Ricci looked at Glenn.
Glenn looked at Ricci.
“Done,” Glenn said.
And they both lowered their weapons to their sides.
EIGHT
“Guess it ain’t too tough to figure why I’m here,” John Earl said, trying hard to stay on his feet a little longer.
Hasul Benazir looked at Earl from behind his desk at the Kiran office.
“Our deal,” he said.
Earl nodded.
“Our deal,” he affirmed. “Fifty grand up front, fifty on completion—”
“Succeed or fail,” Benazir said.
Earl nodded again, hands stuffed in the pockets of his coat. As always the office was silent around him except for the sounds of pumped and filtered water in the octopus tank in the wall.
He waited. Hard, hard as hell, keeping his feet under him… though it didn’t help that Zaheer’s bullet was still floating around in the red muck between his ribs, probably just about to give his heart a last cold kiss.
Hush baby, you hush.
Yeah, Earl thought, the old fire-engine-red truck he’d driven for so long would be ditching off the highway of life any time now. He had stuffed the hole in his chest with fistfuls of gauze more than once, wrapped himself around with fresh bandage tape before showing up at the office, but all that had done was soak up the blood under his shirt and coat — well, the coat, anyway — and keep it from gushing out of him like water from a bathtub spout.
Now Benazir rose, came around the desk, stood in front of Earl.
“The money will be yours without condition,” he said. “I would, however, wish to know how you managed to escape what has just begun to trickle its way into the news. Those men on motorcycles…” Benazir shrugged, let the sentence trail. “How?” he said.
Earl remained very still. If he took even a single step forward, backward, or sideways, he figured it would leave him flat on the floor. Of course, it wasn’t his feet he had to be able to move.
“Well,” he said, and pulled his Sig nine from his pocket, “it went kind of like this.”
Benazir’s face barely showed any reaction. After a few seconds he blinked slowly, let his eyes stay shut for another span of seconds, and released a long breath as he opened them.
“You never did think you’d have to pay up the balance, did you?” Earl said. “Never thought I’d be around to ask for it.”
Hasul shook his head.
“No,” he said. “I never did.”
Earl looked at him with his gun between them, tightened his lips to hold back a cough. No sense messing the carpet with what would come out of him.
He motioned toward the aquarium with the pistol.
“Gonna give you a choice, Hasul,” he said. “You can let your poisonous friend Legs give you a tickle or you can deal with my friend Siggy here. Either way, it ought to be quick.”

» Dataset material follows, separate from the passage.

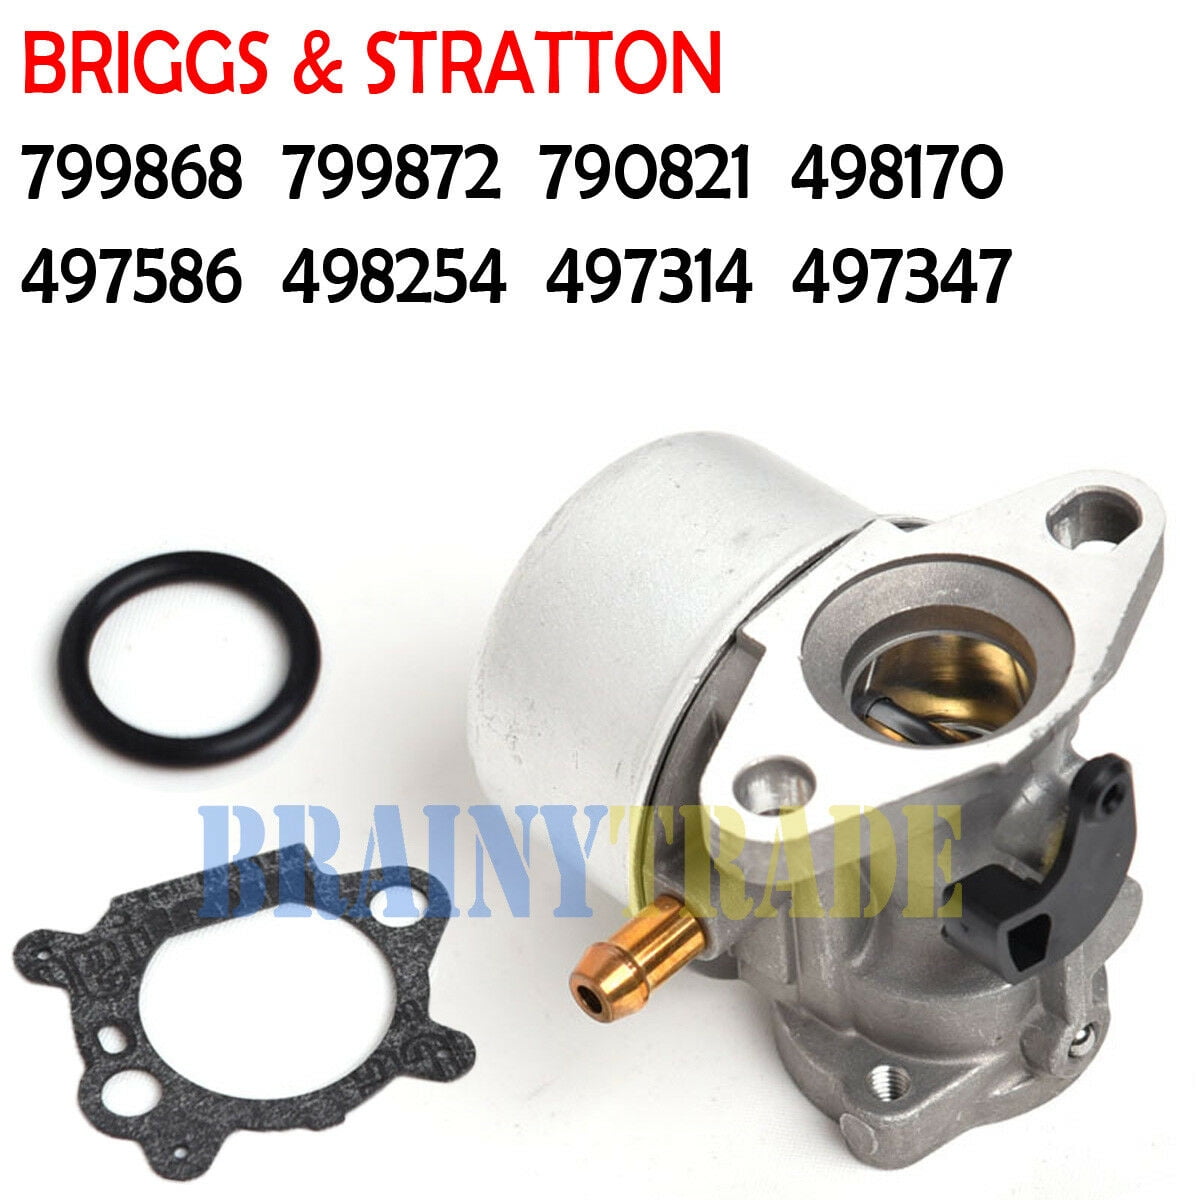 Carburetor Fit For Briggs Stratton 799868 799872 790821 498170 Lawnmower

Benazir remained nearly expressionless, staring at him with his dark brown eyes.
At length he nodded, strode toward the tank, removed the wood-veneer feeder panel from the wall above it, and set it down on the floor.
“I believe I knew,” he said softly, and turned his head to look at Earl as he rolled up his shirt sleeve.
Earl grunted.
“Kinda believe you did, too,” he said. He raised the gun a notch higher, his finger around its trigger. “Now go on, Hasul. Say hi to Legs for me… and I promise, I’ll see you by-and-by.”
Hasul stared at him another moment, gave him a nod, and then turned and slipped his hand into the aquarium.